While some of the in-game names used by players may not have been appropriate, the timing of the event certainly was. The party, hosted in the Allen drawing room by the Association of Computing Machines (ACM), came just two weeks after the third installation of the popular shooting game hit shelves. Within just a few minutes of the launch party's official start time, 8 p.m., the drawing room felt claustrophobic.
While many of the attendees had already played the game extensively, ACM's event was not just another party. Microsoft, the game's publisher, officially sponsored the party and agreed to provide ACM with free Xbox 360 games to use as prizes.
"We're one of 20 colleges nationwide chosen to host an official party," Kate Lynch, senior digital arts major and president of ACM, said.

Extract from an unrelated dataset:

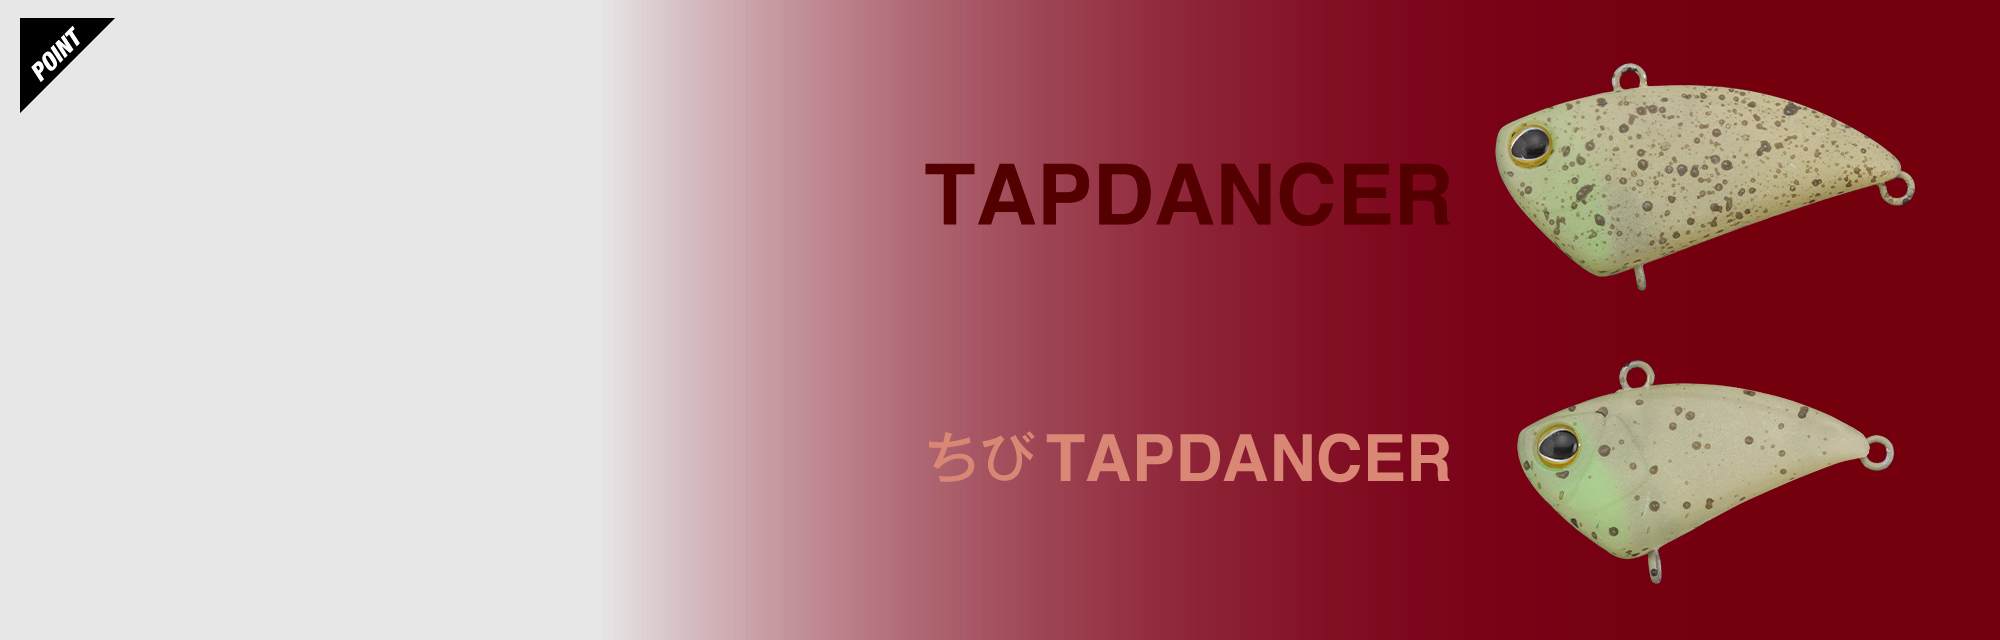 TAP DANCER TAP DANCER

"We don't know why they chose us," Autumn Breese, sophomore computer science major and vice president of ACM, said. But she added that "Microsoft has a prior deal with this school."

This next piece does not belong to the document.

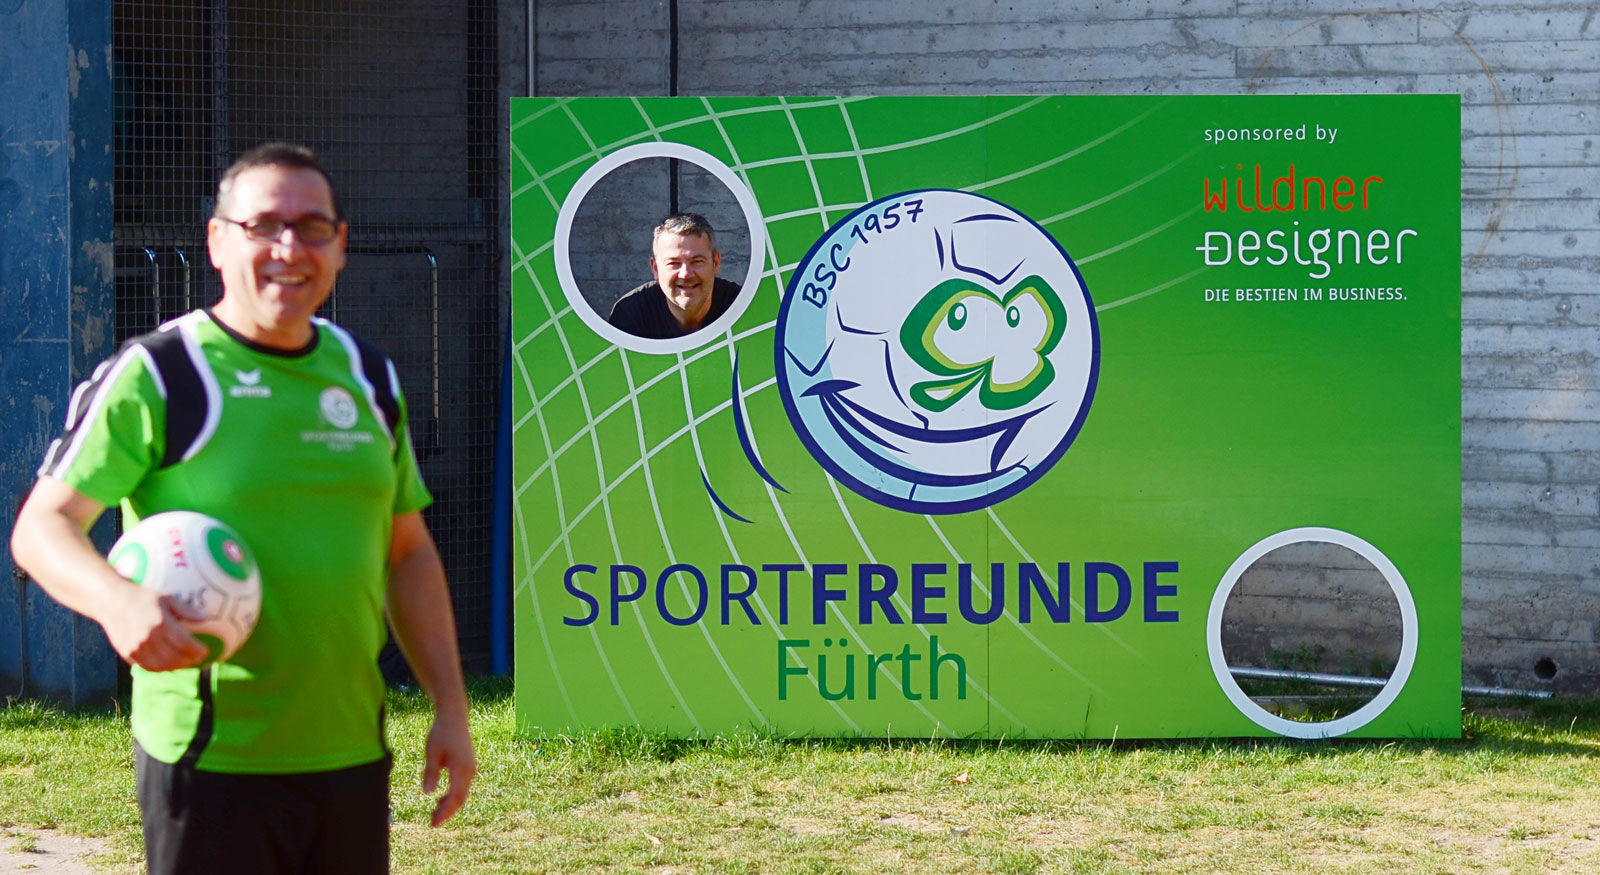 Sponsoring der neuen Torwand der Sportfreunde Fürth

Lynch said that Microsoft was sponsoring the parties in order to hype up another event, Imagine Cup.
"The Imagine Cup is a competition for people who want to design video games, produce films or design user-interfaces," she said. "The winners become an actual game development team that gets to make a game sponsored by Microsoft."
To get that hype Microsoft had provided ACM with a number of free items to give out at the party, including pens, T-shirts and copies of game-making software for beginning programmers.
ACM's reason for hosting the event, according to Lynch, was less about advertising and more about the gamers themselves. "We're trying to advocate social gaming," she said. She hoped that the event would show gamers how much fun it was to play each other in person, as opposed to playing each other online.
But only an hour into the party that goal saw a setback: all six of the screens being used to play "Halo 3" shut down simultaneously. Too many systems plugged into too few outlets had overloaded the drawing room's circuits and blown out the power.
Over the course of the next half hour the screens turned on and went black a second time.
"We can just go home and play in our rooms," muttered one student who left.
"I didn't come here to watch the power go out," Matt Boyle, a junior political science major, said.
But others saw the blowout as a chance for opportunity. "Maybe enough people will leave and we'll be able to actually play," Ian London, sophomore open-options Culture and Society major, said, referring to the mobs of players that were now thinning out.
By 9:30 p.m. the systems were running again and over 30 players resumed their seats to commence the night's tournament. It was single elimination, two vs. two team slayer, which, for those who don't frequently join "frag-fests," means two players were working together to try and shoot two other players.
The tournament lasted until after midnight, when the final game ended 19-16. Jim Durkin, senior mechanical engineering major, and Eddie Jones, junior mechanical engineering and computer engineering major, came out on top.
Their advice to other "Halo 3" players?
"Don't play us if you want to win," Durkin joked as he helped pack up all of the equipment.
"It's all about reaction times," Jones said, adding, "Know your maps."
Durkin also won the raffle for a second free copy of the game. He walked out of Wednesday night's event with a total of $120 in prizes.
$120 in three hours. Not bad for a night of gaming.